=== Begin Enclosure ===
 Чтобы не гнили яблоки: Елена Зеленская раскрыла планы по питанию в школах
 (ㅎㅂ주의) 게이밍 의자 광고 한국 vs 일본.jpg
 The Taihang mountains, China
=== End Enclosure ===
=== Begin Enclosure ===
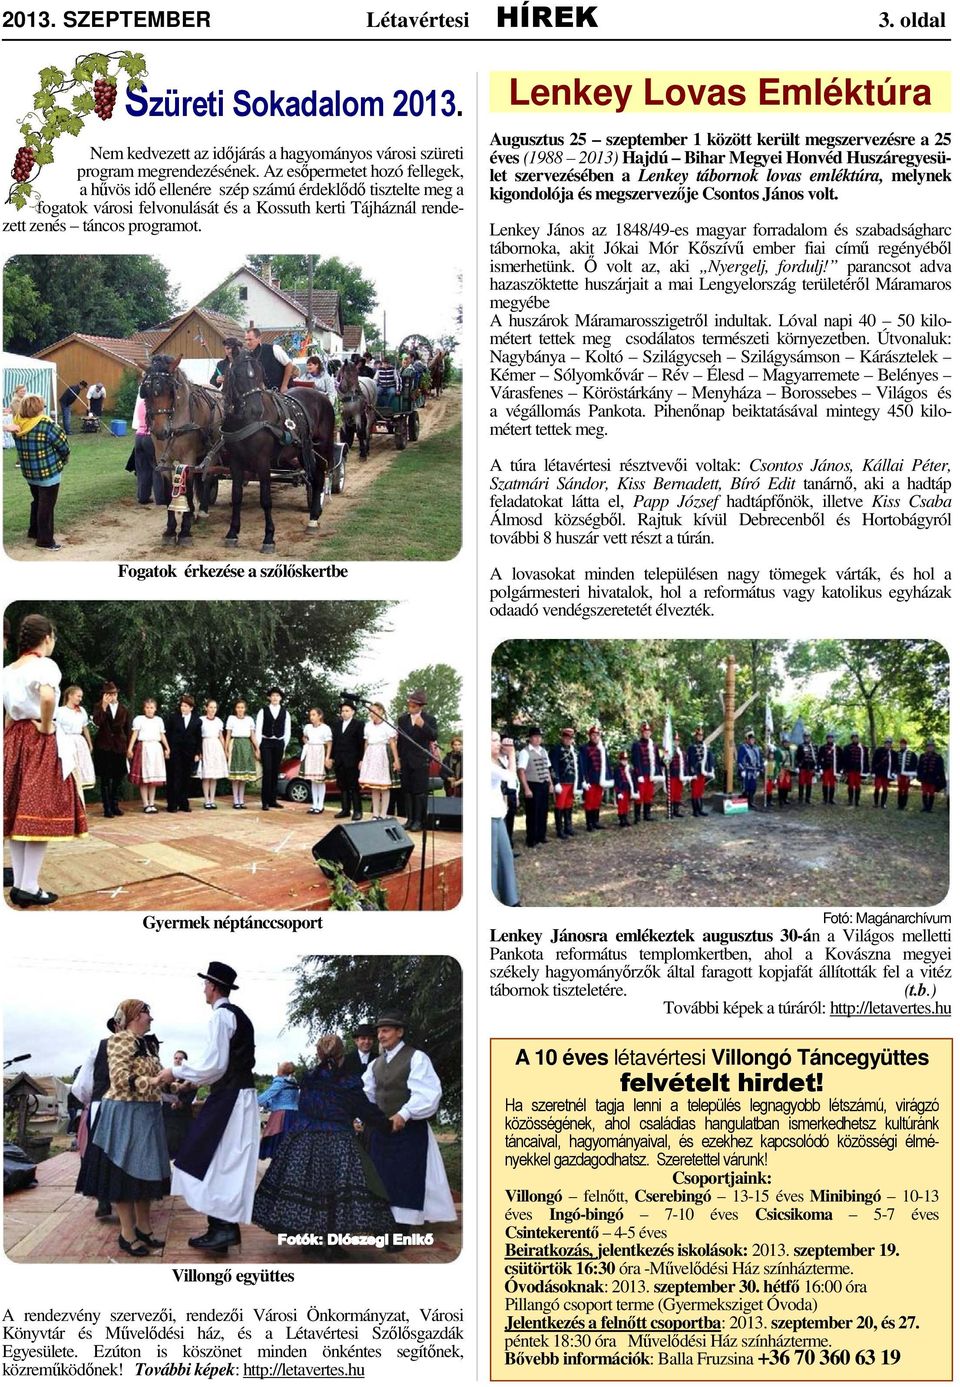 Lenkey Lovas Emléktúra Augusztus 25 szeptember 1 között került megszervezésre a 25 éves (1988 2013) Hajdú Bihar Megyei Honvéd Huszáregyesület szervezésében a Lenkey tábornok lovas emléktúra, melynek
=== End Enclosure ===
=== Begin Enclosure ===
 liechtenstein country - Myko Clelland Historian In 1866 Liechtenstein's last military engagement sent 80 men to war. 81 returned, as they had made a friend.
=== End Enclosure ===
_Task objective_: When you reach the line containing "Чтобы не гнили" in the data above, start copying exactly, and stop after the line containing "The Taihang mountains, China".

_Solved problem_:
 Чтобы не гнили яблоки: Елена Зеленская раскрыла планы по питанию в школах
 (ㅎㅂ주의) 게이밍 의자 광고 한국 vs 일본.jpg
 The Taihang mountains, China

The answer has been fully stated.